▶ [AIM OF THE EXERCISE] Copy nothing from the entries below except the lines from the one containing "1080x2310 Wallpaper 119 768x1643" through the one containing "Black Woman nonprofit", and copy those exactly.

*** Begin section ***

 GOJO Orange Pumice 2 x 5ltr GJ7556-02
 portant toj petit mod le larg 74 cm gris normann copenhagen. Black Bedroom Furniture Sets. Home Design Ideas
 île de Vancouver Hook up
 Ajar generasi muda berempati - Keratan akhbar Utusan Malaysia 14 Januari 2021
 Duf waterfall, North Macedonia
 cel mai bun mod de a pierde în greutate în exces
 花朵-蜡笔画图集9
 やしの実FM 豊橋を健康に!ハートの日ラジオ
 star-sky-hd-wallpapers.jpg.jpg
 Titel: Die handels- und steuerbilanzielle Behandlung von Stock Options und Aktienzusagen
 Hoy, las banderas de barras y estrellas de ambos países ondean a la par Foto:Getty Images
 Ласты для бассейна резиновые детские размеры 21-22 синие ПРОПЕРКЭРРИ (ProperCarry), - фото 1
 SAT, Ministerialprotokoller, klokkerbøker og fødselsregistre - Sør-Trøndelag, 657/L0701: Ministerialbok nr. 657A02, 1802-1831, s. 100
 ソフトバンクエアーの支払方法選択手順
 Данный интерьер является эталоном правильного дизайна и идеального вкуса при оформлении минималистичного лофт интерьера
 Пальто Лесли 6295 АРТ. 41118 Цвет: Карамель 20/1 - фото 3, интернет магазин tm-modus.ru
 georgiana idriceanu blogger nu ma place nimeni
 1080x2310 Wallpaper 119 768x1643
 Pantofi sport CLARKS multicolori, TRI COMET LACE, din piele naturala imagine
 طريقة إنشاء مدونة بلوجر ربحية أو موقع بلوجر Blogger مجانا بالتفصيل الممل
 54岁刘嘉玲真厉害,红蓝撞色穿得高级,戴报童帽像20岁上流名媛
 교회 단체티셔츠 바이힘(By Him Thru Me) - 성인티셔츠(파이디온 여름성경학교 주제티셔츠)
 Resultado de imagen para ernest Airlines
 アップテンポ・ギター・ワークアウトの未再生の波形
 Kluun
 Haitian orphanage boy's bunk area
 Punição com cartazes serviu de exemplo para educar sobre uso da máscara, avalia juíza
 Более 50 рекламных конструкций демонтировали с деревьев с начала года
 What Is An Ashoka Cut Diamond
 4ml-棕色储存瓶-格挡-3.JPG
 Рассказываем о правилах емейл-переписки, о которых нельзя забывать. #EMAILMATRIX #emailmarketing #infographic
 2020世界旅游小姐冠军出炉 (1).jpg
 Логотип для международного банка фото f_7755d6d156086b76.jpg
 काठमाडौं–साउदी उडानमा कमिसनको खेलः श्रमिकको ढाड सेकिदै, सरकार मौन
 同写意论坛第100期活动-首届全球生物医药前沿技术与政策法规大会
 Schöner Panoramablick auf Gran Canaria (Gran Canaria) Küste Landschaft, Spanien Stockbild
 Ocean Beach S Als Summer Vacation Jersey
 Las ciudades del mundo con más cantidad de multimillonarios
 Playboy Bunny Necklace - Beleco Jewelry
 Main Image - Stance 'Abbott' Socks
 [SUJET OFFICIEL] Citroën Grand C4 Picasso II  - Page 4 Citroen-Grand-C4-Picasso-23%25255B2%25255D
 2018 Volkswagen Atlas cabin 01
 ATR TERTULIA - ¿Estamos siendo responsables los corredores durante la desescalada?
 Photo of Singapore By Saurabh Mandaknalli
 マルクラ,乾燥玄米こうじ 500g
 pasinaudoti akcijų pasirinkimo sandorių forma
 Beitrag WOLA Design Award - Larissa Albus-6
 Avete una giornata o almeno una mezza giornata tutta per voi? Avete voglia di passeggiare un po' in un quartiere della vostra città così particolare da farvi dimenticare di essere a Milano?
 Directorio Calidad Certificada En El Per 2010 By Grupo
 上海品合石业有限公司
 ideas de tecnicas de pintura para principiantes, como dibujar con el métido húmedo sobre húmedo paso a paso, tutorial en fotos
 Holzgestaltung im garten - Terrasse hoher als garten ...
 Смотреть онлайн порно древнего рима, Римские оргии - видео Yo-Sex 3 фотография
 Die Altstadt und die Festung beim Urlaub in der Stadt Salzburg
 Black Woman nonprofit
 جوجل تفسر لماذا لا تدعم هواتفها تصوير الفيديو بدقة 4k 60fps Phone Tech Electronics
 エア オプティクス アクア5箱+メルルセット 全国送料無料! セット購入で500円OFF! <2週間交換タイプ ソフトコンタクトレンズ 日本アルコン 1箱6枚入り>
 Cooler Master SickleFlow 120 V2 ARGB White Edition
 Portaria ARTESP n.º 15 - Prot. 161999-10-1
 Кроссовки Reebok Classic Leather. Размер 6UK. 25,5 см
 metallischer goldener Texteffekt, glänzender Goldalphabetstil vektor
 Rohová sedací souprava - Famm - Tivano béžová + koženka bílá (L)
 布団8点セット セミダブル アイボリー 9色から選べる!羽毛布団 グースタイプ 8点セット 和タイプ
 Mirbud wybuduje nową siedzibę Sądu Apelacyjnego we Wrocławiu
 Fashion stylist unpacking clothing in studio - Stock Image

*** End section ***

▶ [SOLUTION]
 1080x2310 Wallpaper 119 768x1643
 Pantofi sport CLARKS multicolori, TRI COMET LACE, din piele naturala imagine
 طريقة إنشاء مدونة بلوجر ربحية أو موقع بلوجر Blogger مجانا بالتفصيل الممل
 54岁刘嘉玲真厉害,红蓝撞色穿得高级,戴报童帽像20岁上流名媛
 교회 단체티셔츠 바이힘(By Him Thru Me) - 성인티셔츠(파이디온 여름성경학교 주제티셔츠)
 Resultado de imagen para ernest Airlines
 アップテンポ・ギター・ワークアウトの未再生の波形
 Kluun
 Haitian orphanage boy's bunk area
 Punição com cartazes serviu de exemplo para educar sobre uso da máscara, avalia juíza
 Более 50 рекламных конструкций демонтировали с деревьев с начала года
 What Is An Ashoka Cut Diamond
 4ml-棕色储存瓶-格挡-3.JPG
 Рассказываем о правилах емейл-переписки, о которых нельзя забывать. #EMAILMATRIX #emailmarketing #infographic
 2020世界旅游小姐冠军出炉 (1).jpg
 Логотип для международного банка фото f_7755d6d156086b76.jpg
 काठमाडौं–साउदी उडानमा कमिसनको खेलः श्रमिकको ढाड सेकिदै, सरकार मौन
 同写意论坛第100期活动-首届全球生物医药前沿技术与政策法规大会
 Schöner Panoramablick auf Gran Canaria (Gran Canaria) Küste Landschaft, Spanien Stockbild
 Ocean Beach S Als Summer Vacation Jersey
 Las ciudades del mundo con más cantidad de multimillonarios
 Playboy Bunny Necklace - Beleco Jewelry
 Main Image - Stance 'Abbott' Socks
 [SUJET OFFICIEL] Citroën Grand C4 Picasso II  - Page 4 Citroen-Grand-C4-Picasso-23%25255B2%25255D
 2018 Volkswagen Atlas cabin 01
 ATR TERTULIA - ¿Estamos siendo responsables los corredores durante la desescalada?
 Photo of Singapore By Saurabh Mandaknalli
 マルクラ,乾燥玄米こうじ 500g
 pasinaudoti akcijų pasirinkimo sandorių forma
 Beitrag WOLA Design Award - Larissa Albus-6
 Avete una giornata o almeno una mezza giornata tutta per voi? Avete voglia di passeggiare un po' in un quartiere della vostra città così particolare da farvi dimenticare di essere a Milano?
 Directorio Calidad Certificada En El Per 2010 By Grupo
 上海品合石业有限公司
 ideas de tecnicas de pintura para principiantes, como dibujar con el métido húmedo sobre húmedo paso a paso, tutorial en fotos
 Holzgestaltung im garten - Terrasse hoher als garten ...
 Смотреть онлайн порно древнего рима, Римские оргии - видео Yo-Sex 3 фотография
 Die Altstadt und die Festung beim Urlaub in der Stadt Salzburg
 Black Woman nonprofit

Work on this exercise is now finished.